Yeshiva‘s Case Ends Before It Begins

Gary Rosenblatt is The NY Jewish Week's editor at large.

An 11th_hour agreement was expected to be finalized this week between Derech Etz Chaim, a small Jerusalem yeshiva, and Yeshiva University, the major Modern Orthodox institution, canceling out competing lawsuits on the eve of a federal court hearing in Manhattan, according to sources close to the case.

What remains an open question, though, is what, if anything, will come of the allegations of sexual abuse against Rabbi Matis Weinberg, a leading Torah scholar and author, which were at the crux of the case.

One source close to the case said that charges of criminal behavior against Rabbi Weinberg have been filed with Interpol, the international police, which is investigating the matter, according to the source.

Derech Etz Chaim is said to be dropping its breach-of-contract charge against YU, which had been prompted by YU cutting its ties last year with the 6-year-old yeshiva located in the Har Nof section of Jerusalem. The YU decision was based on reports that Rabbi Weinberg, who is seen as the spiritual mentor of Derech Etz Chaim, had a history of abuse, a charge he strongly denies.

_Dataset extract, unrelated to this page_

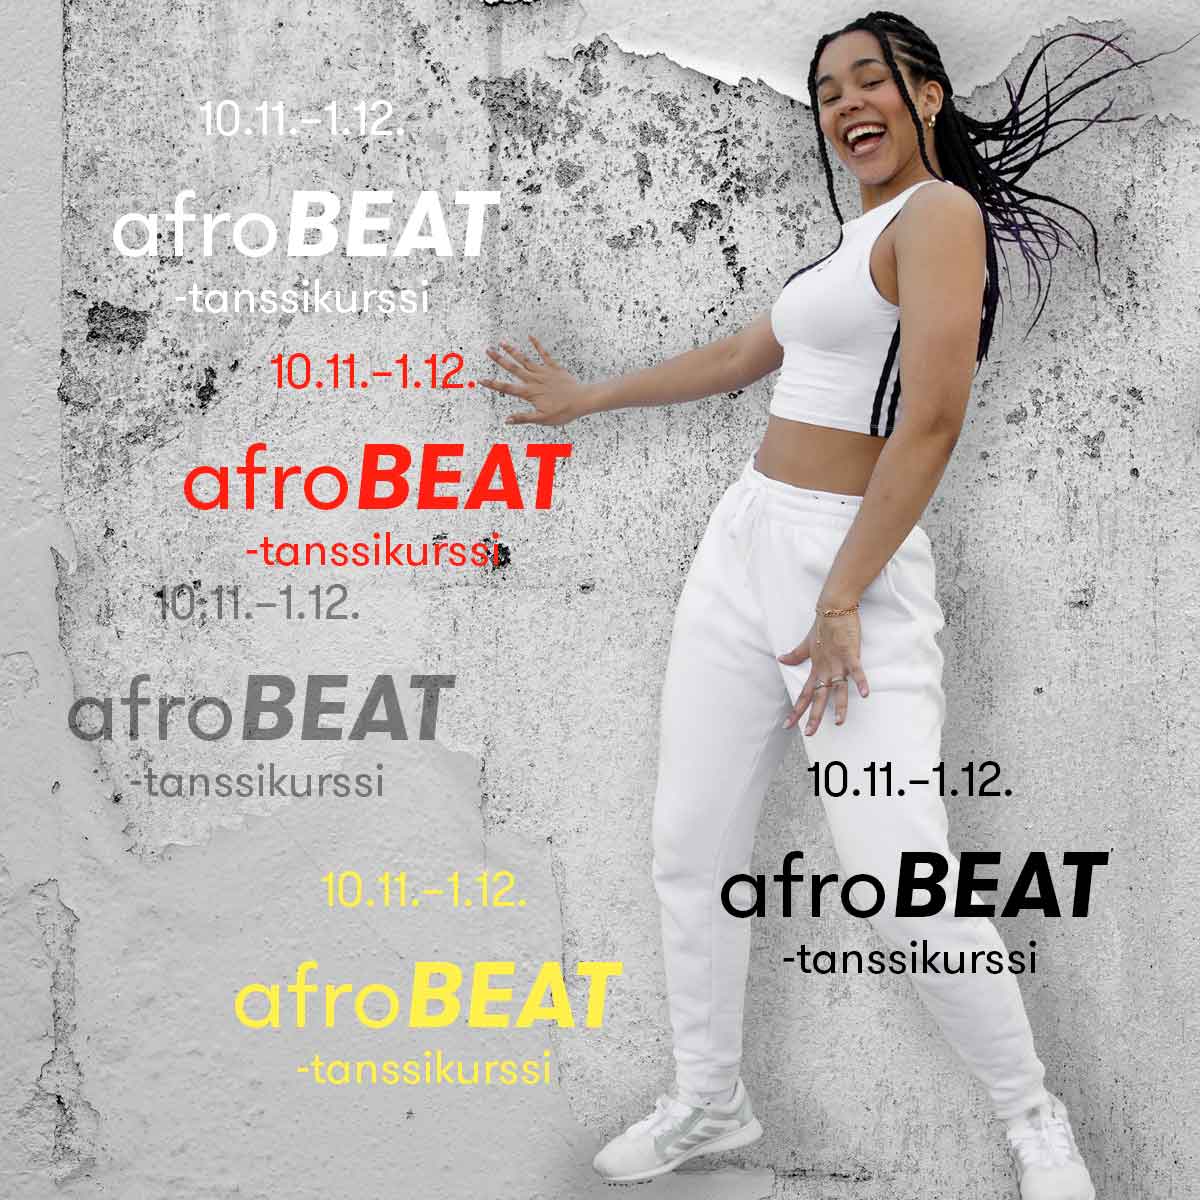 Sikujuan Afrobeat-tanssikurssi alkaa 10.11.
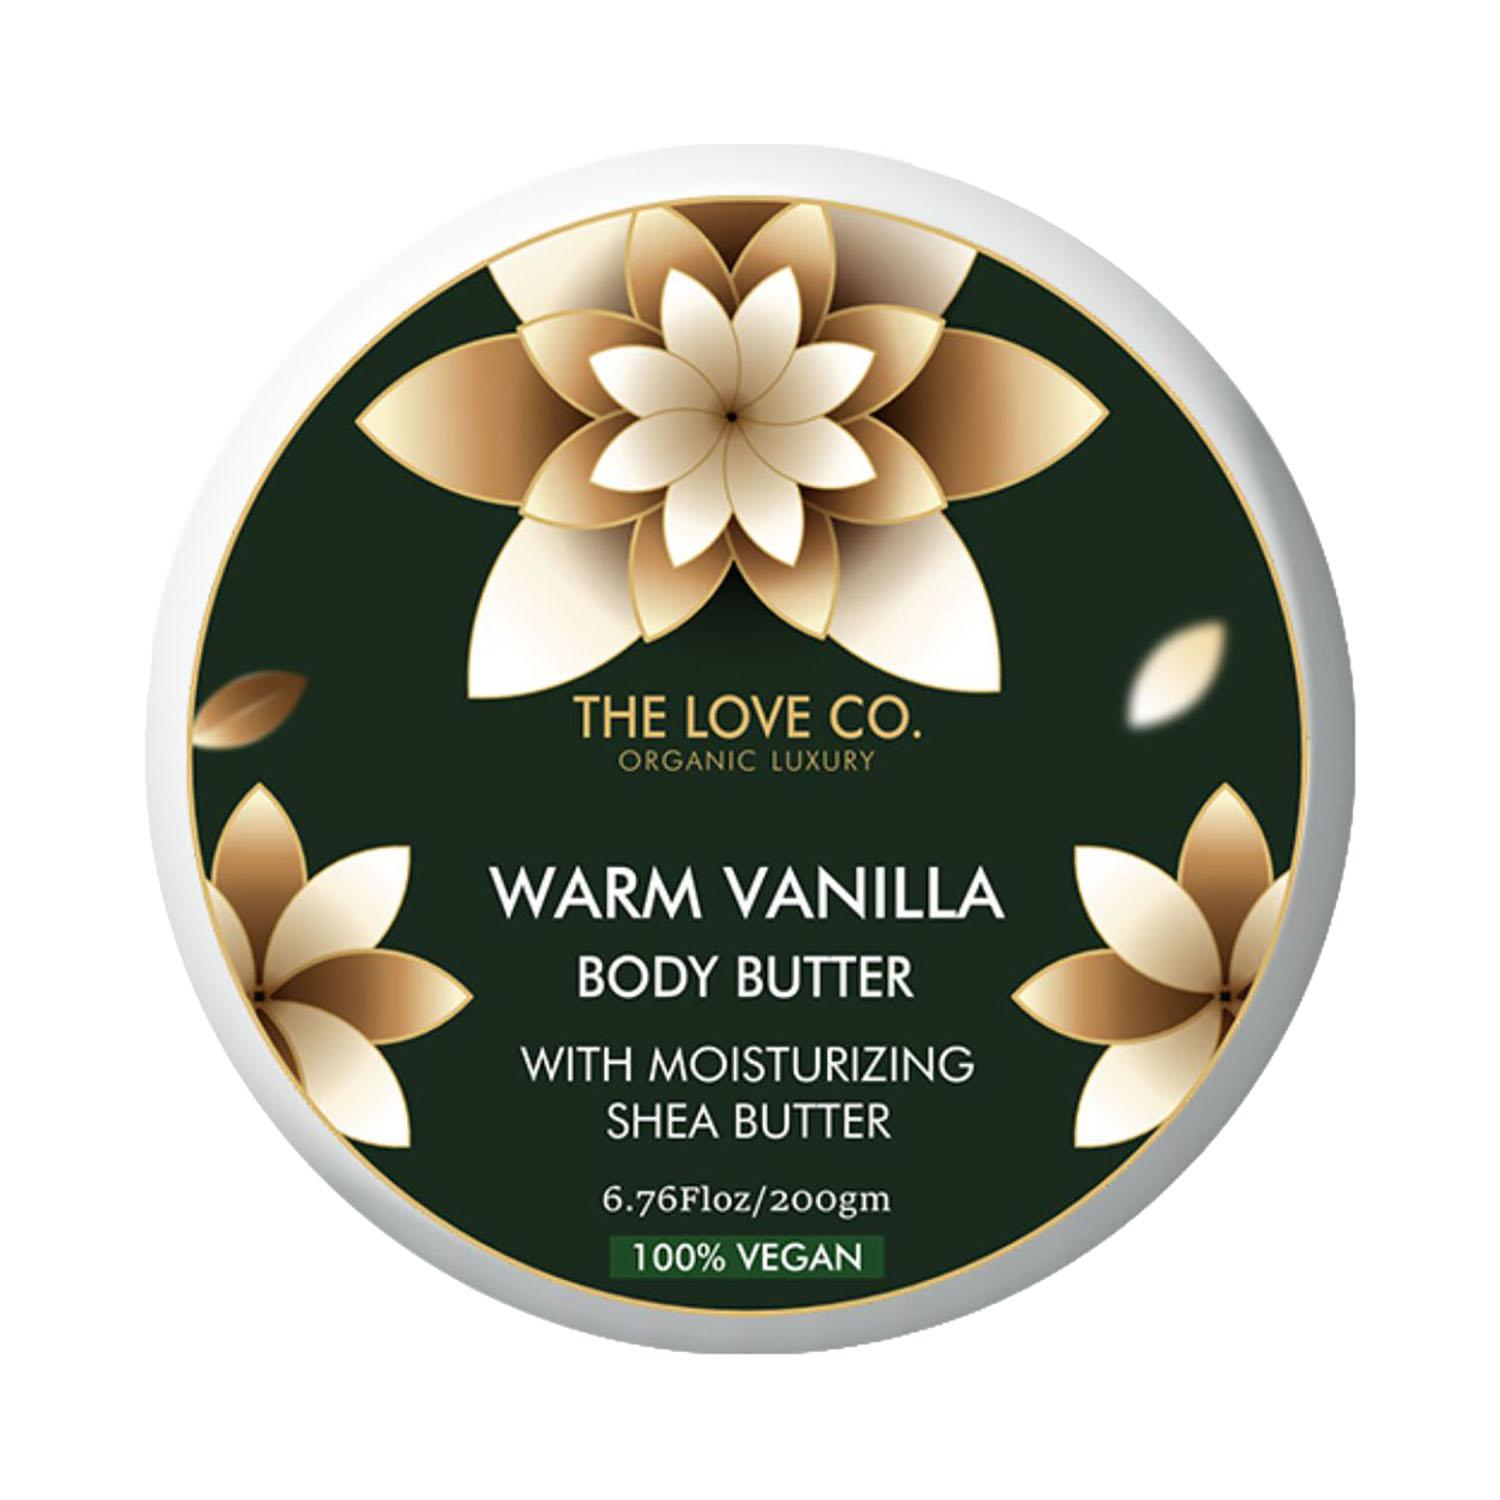 THE LOVE CO. | THE LOVE CO. Warm Vanilla Body Butter Deep Moisturization With Pure Shea Butter (200g)

Derech Etz Chaim had been one of a number of Israeli yeshivot attended by American post-high school students who then went on to attend YU.
Derech Etz Chaim had been seeking reinstatement in the YU program, claiming that its removal was a severe financial blow. It had sued for at least $75,000, arguing that the allegations against Rabbi Weinberg were false, and that Rabbi Aaron Katz, the dean of Derech Etz Chaim, was defamed.
YU, in turn, is expected to drop its counter suit that claimed Derech Etz Chaim “utterly refused to protect” its students from Rabbi Weinberg.

Charges about Rabbi Weinberg’s behavior, dating back more than 20 years and including an alleged incident from 2003, first came to light last year, and were taken up by a bet din (religious court) in Brooklyn. The bet din’s findings, including testimony from at least six of the rabbi’s former students, were then passed on to a haredi bet din in Jerusalem, which decided not to pursue the case.

Several former students of the rabbi claiming abuse, here and in Israel, were set to appear as witnesses in the federal trial here.
Now that the trial will not take place, questions have been raised about whether former students will press criminal charges in Israel or whether the original bet din in Brooklyn will take up the matter again.

Observers note that the case points up one of the weaknesses in the Orthodox community in that it has no mechanism in place to investigate or pursue such allegations, either to punish or clear an individual. The Rabbinical Council of America, the rabbinic arm of the Orthodox Union, is planning to put in place next month a new committee to deal with rabbinic abuse.

Rabbi Mark Dratch, who is chairing the committee, said he hopes that “investigating and making a determination of veracity in a case should give sufficient strength to the community to take proper action.” He added that he had no direct knowledge of the Weinberg case and that the RCA group will only deal with its membership. Rabbi Weinberg is not a member of the RCA.